COVID-19’s Momentum May Drive the ‘Open Science’ Movement Forward
Pelin Ozel
Along with the spread of the respiratory virus COVID-19, financial markets and healthcare providers bear the stress of growing public concerns and an increase in media coverage. Despite this growth in media coverage and public awareness of the urgency of COVID-19, the “open science” movement gains an advantageous momentum.
The spread of the virus has shaped our interactions and behaviors. The Harvard Business Review suggests that COVID-19 and its “severe exogenous demand and supply shocks” related to consumer confidence “can also push the real economy into a contraction.” On one hand, the spread of the virus manifests in our behaviors by straining consumer confidence and the trust between science and the public. On the other hand, COVID-19 provides eustress, or a positive stressor, by shaping how we interact with new research through open science. It is possible that COVID-19 will create an enduring change in the interactions and communication within scientific research as well.
In December of last year, the discourse between advocates for the open science movement and proponents of peer-reviewed journals intensified as the Trump administration set the stage for issuing an executive order. The Fair Access to Science and Technology Research Act, first introduced in 2013, would force an earlier release of taxpayer funded research and require free access to published manuscripts from research agencies with an annual budget of $100 million or more. This act, the Washington Post clarifies, would “force the public release of journal articles within six months of publication.”
Critics of the open science movement assert that the executive order for open access publishing may push researchers to find funding outside of the federal government through grants provided by private research institutions, pharmaceutical companies, or other benefactors. Although the research funding behind institutions may shift focuses, UNESCO explains that open science publishing would “make science more transparent” to promote “inclusive, effective…scientific collaboration and discovery across scientific fields” beyond funding sources. We are already seeing open access publishing thrive within a community to study COVID-19.
Open access science calls for public, free, and accessible forms of scientific research publishing. Recently, COVID-19 has created a microcosm for open access in epidemiology research. Computational evolutionary biologist Dr.
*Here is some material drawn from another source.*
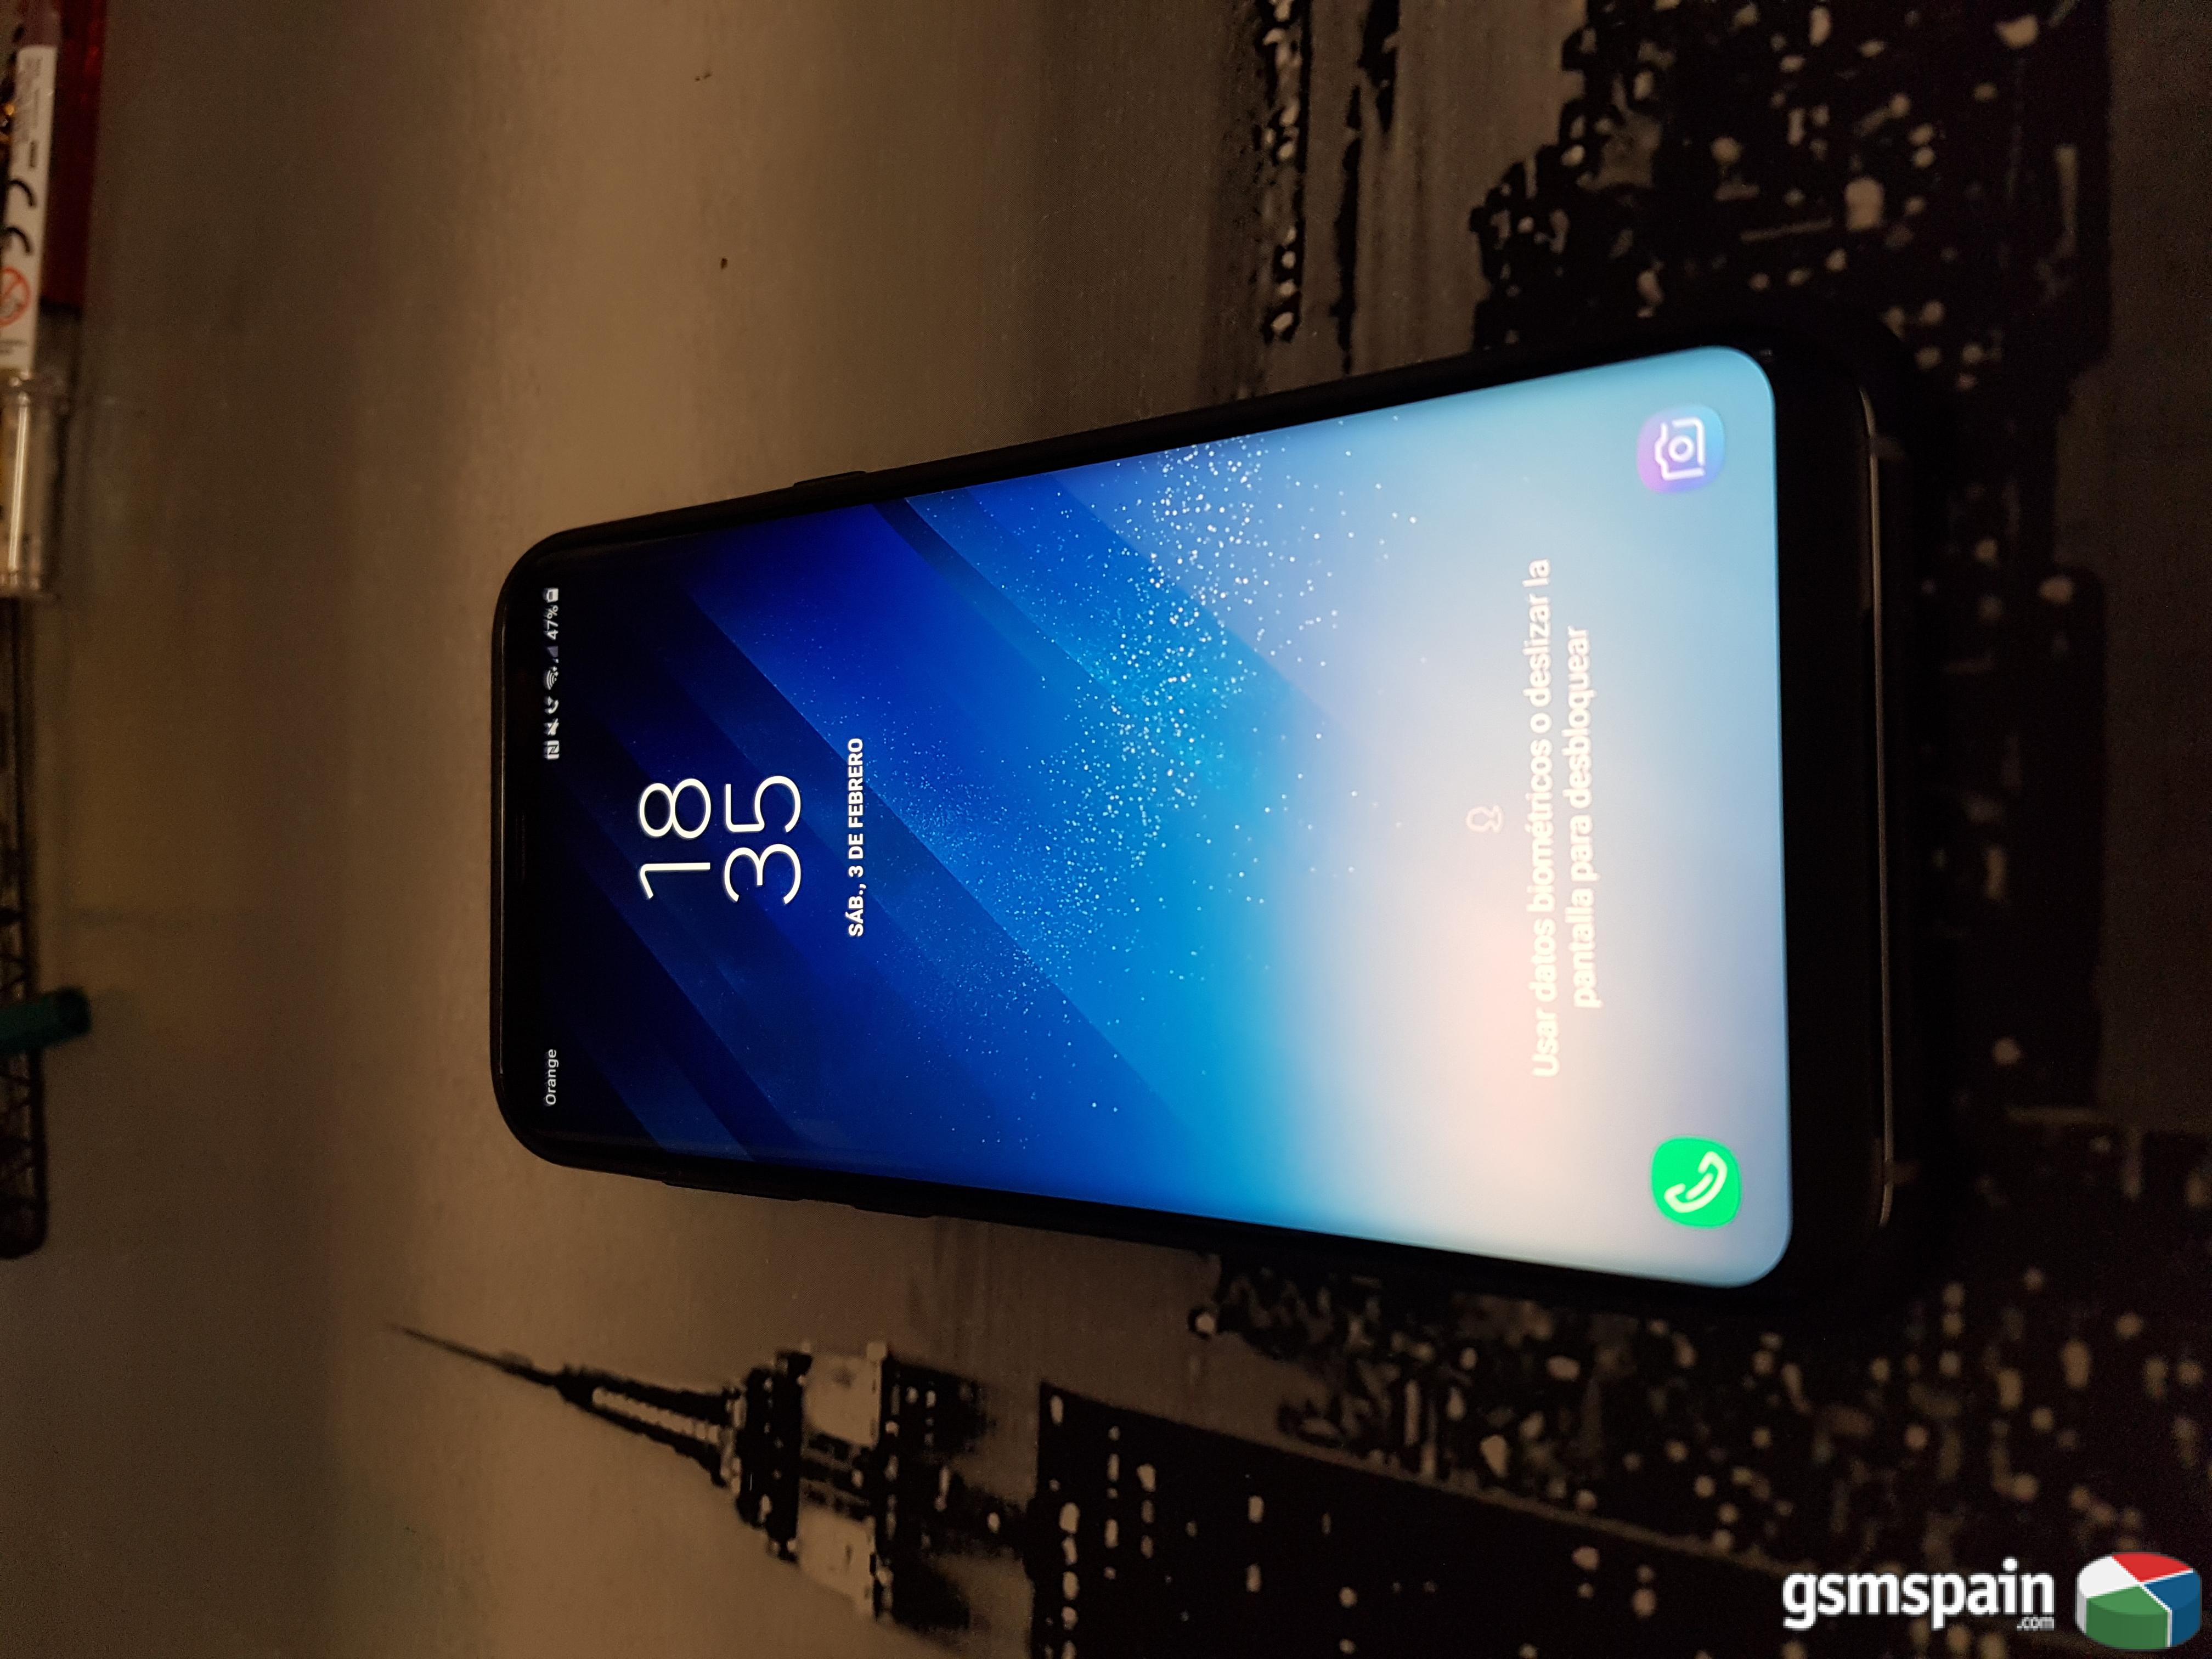 [VENDO] Samsung s8 plus artic silver impoluto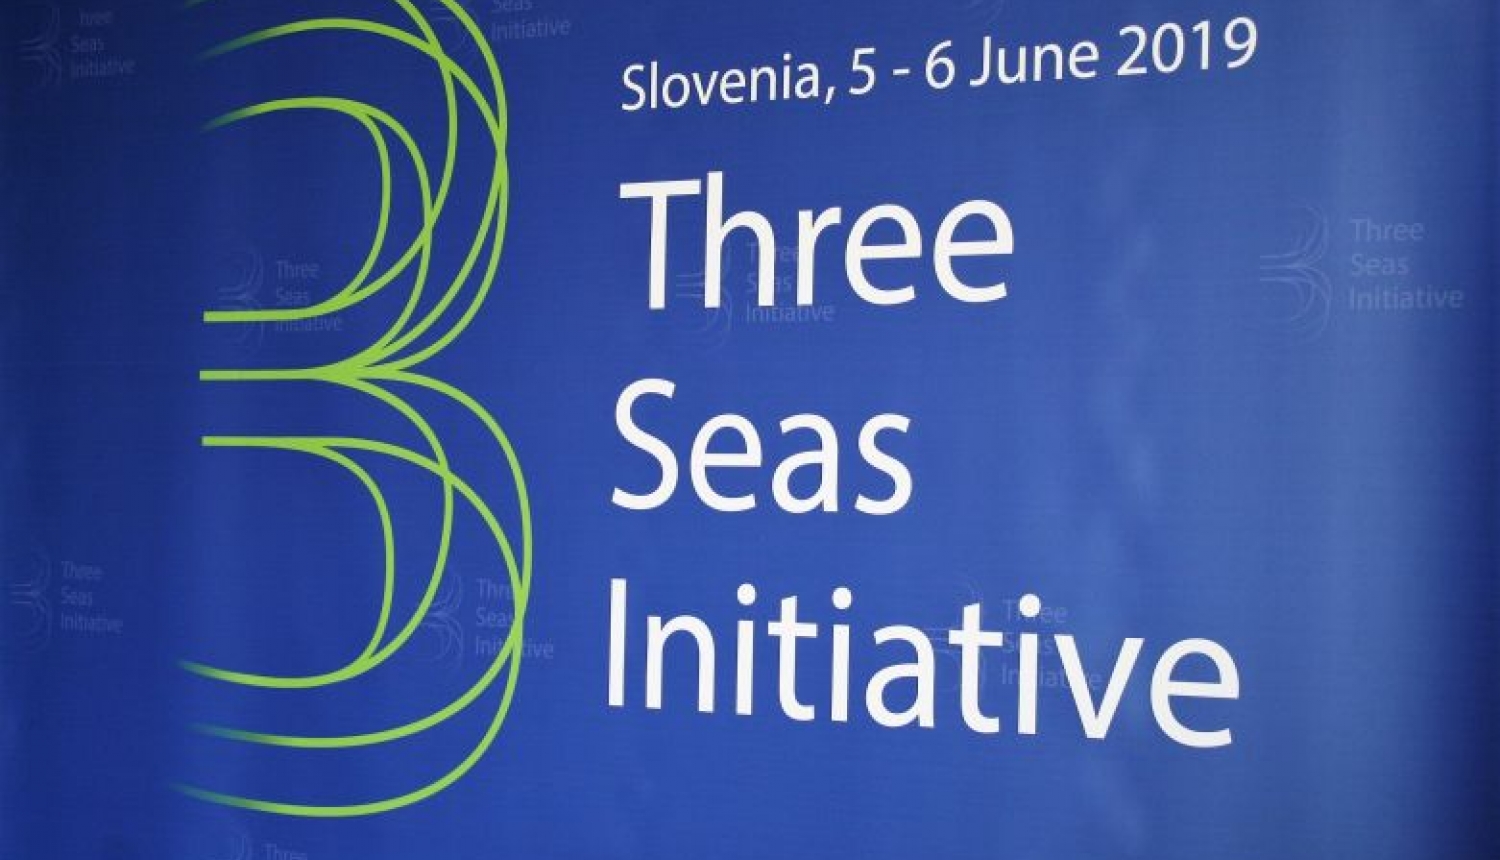 Valsts prezidents piedalās Trīs jūru iniciatīvas samitā Slovēnijā

Trevor Bedford at the Fred Hutchinson’s Vaccine and Infectious Disease Division explains that research on the virus’s genome is shared shortly after sample collection, sometimes between the span of three to six days.
On platforms such as Nextstrain, pathogen genome data are available to public health scientists. The open-source project’s goal aims to “aid epidemiological understanding and improve outbreak response” while providing free, easy access and bypassing the need for peer-reviewed publications. Beyond Nextstrain exist other platforms such as GISAID, specifically facilitating open-access epidemiological discussion on the influenza viruses. Virological.org provides researchers with updates across more open-access platforms such as BioRxiv and NIH’s genetic sequence database GenBank. Dr. Bedford states “getting to a 3-6 day turnaround opens up huge new avenues in epidemiology” referring to the rapid collaboration available on these open-access platforms.
In response to this progression in the open science community, Christian Drosten, a virologist from the Charité University Hospital in Berlin, dispels overinterpretations of information from GISAID on Science Magazine, specifically concerning the strains of viruses sequenced from different regions globally. As a virus spreads, it is natural that some mutations will occur during replication of the virus. Such replication can happen when the virus is transmitted between individuals. He hedges his claims of certain sequencing data by suggesting that between two global communities (e.g. Munich and Bavaria) “[similar mutated strain types on GISAID are] not sufficient to claim a link” between viral spread between two communities. Drosten highlights a big issue with the open science movement—a fast spread of information can be grossly misinterpreted by other scientists. A slight miscommunication in a rapidly moving field can lead to amplification of biases in data. Therefore, it is important to recognize the problems that can also arise and spread through open science platforms that may lead to public misinformation without a filter of scholarly peer-reviewing.
The current scientific narrative behind COVID posits concern and fear. By reframing the scientific narrative, current trends reveal a new narrative on influential communication, rapid responses, and a push for rigorous genomic data. Beyond the media attention garnered by the virus, it is vital to consider the lasting impact COVID-19 may have on our behaviors within the scientific community to shape how the public engages with scientists. As a graduate student at Johns Hopkins Medical School, I can begin to see an increase in collaboration among young scientists through online teaching and communication platforms. The evolution of how my department approaches literature reviews, to which academic journals investigators choose to submit their work, and how graduate students obtain a literature background during rotations will be shaped by the change in the science community’s behavior prompted by COVID-19.